Потом я вернулся в Россию. Мне предложили поступить в докторантуру. Я быстренько, за год, написал диссертацию и успешно защитил ее в ИНЭОСе. А в Нижнем, в Институте металлоорганической химии, под меня создали лабораторию.
Как назвали лабораторию?
Лаборатория координационной химии. Все завертелось – надо же было создать лабораторию с нуля: найти, а точнее, вырастить сотрудников, выбить ставки, купить оборудование, вырвать помещения, в конце концов. Сначала была одна комната, потом две, потом три. Теперь в них работает одна молодежь. Моему самому «старому» сотруднику 35 лет. Так что чувствую себя почти что патриархом. У меня в лаборатории защитилось тринадцать аспирантов. Или уже четырнадцать. Сейчас еще четыре аспиранта работают в Нижнем. Мне все это на самом деле нравится. Я, бывает, и ругаю их, и подзатыльник могут дать. У меня в основном парни работают, хотя и девочки в последние годы появились. С парнями проще.

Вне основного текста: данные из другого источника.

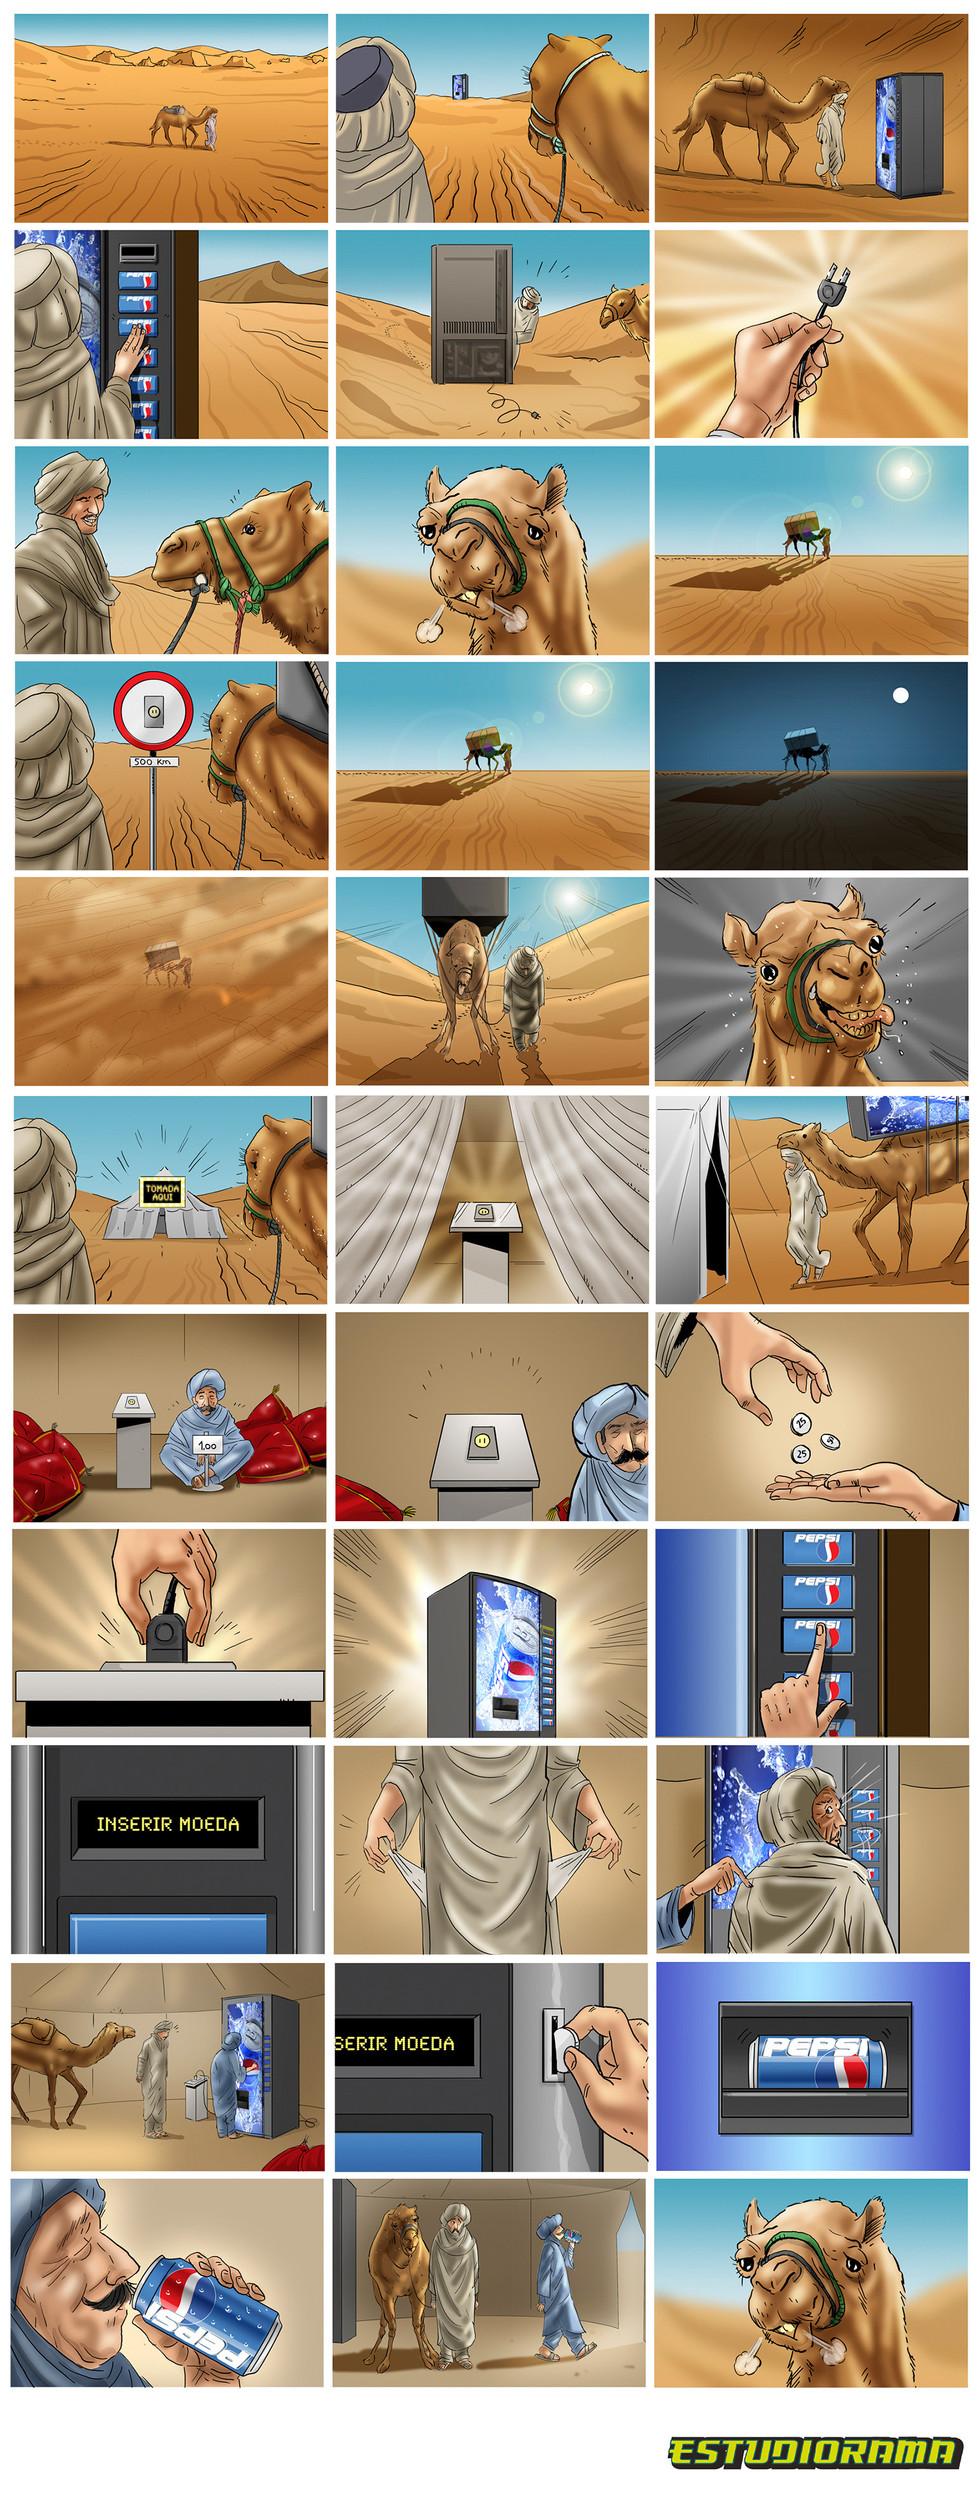 Story-Pepsi-Camelo-ALMAP-SITE.jpg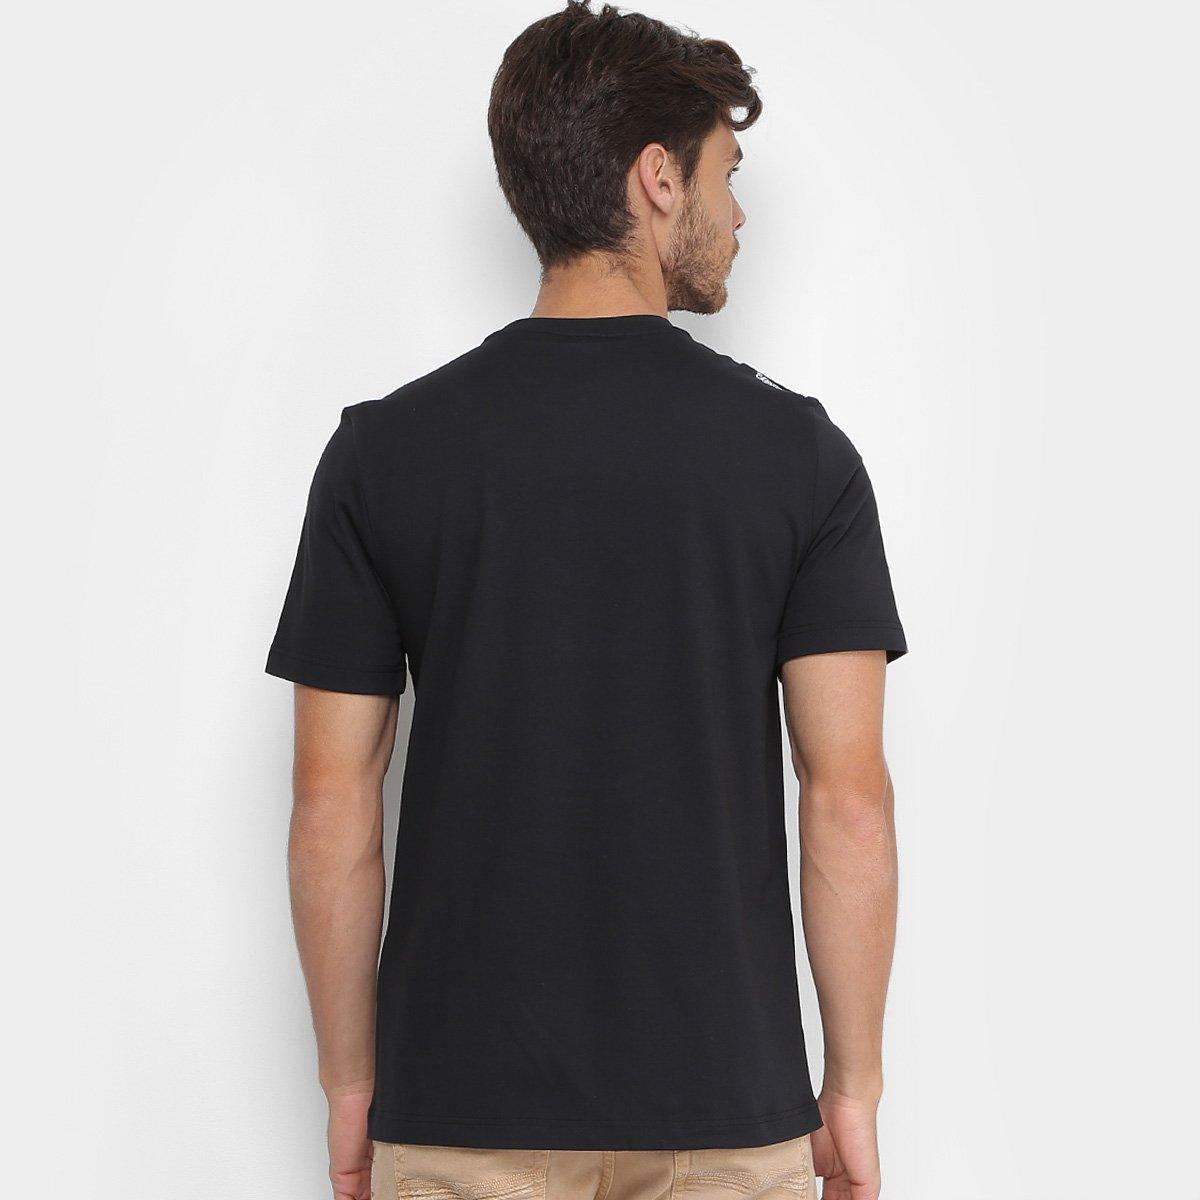 Camiseta Lacoste Live Estampada Masculina  Camiseta Lacoste Live Estampada  Masculina ... 2b9e635151ac5

А.А. Трифонов в своей лаборатории в Институте металлоорганической химии имени Г.А.Разуваева в Нижнем Новгороде в окружении сотрудников, аспирантов и студентов, 2015 год |
Лаборатория получилась не хуже, чем у Шумана в свое время?
Наверное, уже да. Был момент в начале двухтысячных, когда государство вдруг осознало необходимость развития науки – стало выделять деньги на покупку оборудования. Тогда институт купил три дифрактометра, два ЯМР-спектрометра. У нас появился целый парк новых современных приборов. То есть все более или менее необходимое у нас было и есть. Академия тогда подбрасывала денег, да я и сам всегда зарабатывал. Я набрал денег с нескольких больших проектов и купил хороший немецкий перчаточный бокс за два с половиной миллиона рублей. Для нас это важно, потому что дает возможность работать с веществами в инертной атмосфере. Это была отличная инвестиция – скорость и эффективность исследований у нас возросли на порядок.
На какие-то лидерские позиции ваша лаборатория уже выдвинулась? Какая тематика?
Все по-прежнему крутится вокруг редкоземельных металлов. После Китая мы – самый крупный обладатель редкоземельных руд. Поэтому эта химия для страны очень важна. Химия непростая, трудная экспериментально и все еще недостаточно исследована. Но мы сегодня, кажется, уже подошли к моменту, когда накопление эмпирического опыта привело к качественному изменению наших представлений об этой области. Мы уже более или менее понимаем, каким образом можно «собрать» соединение с нужными свойствами, где и для чего его можно будет использовать.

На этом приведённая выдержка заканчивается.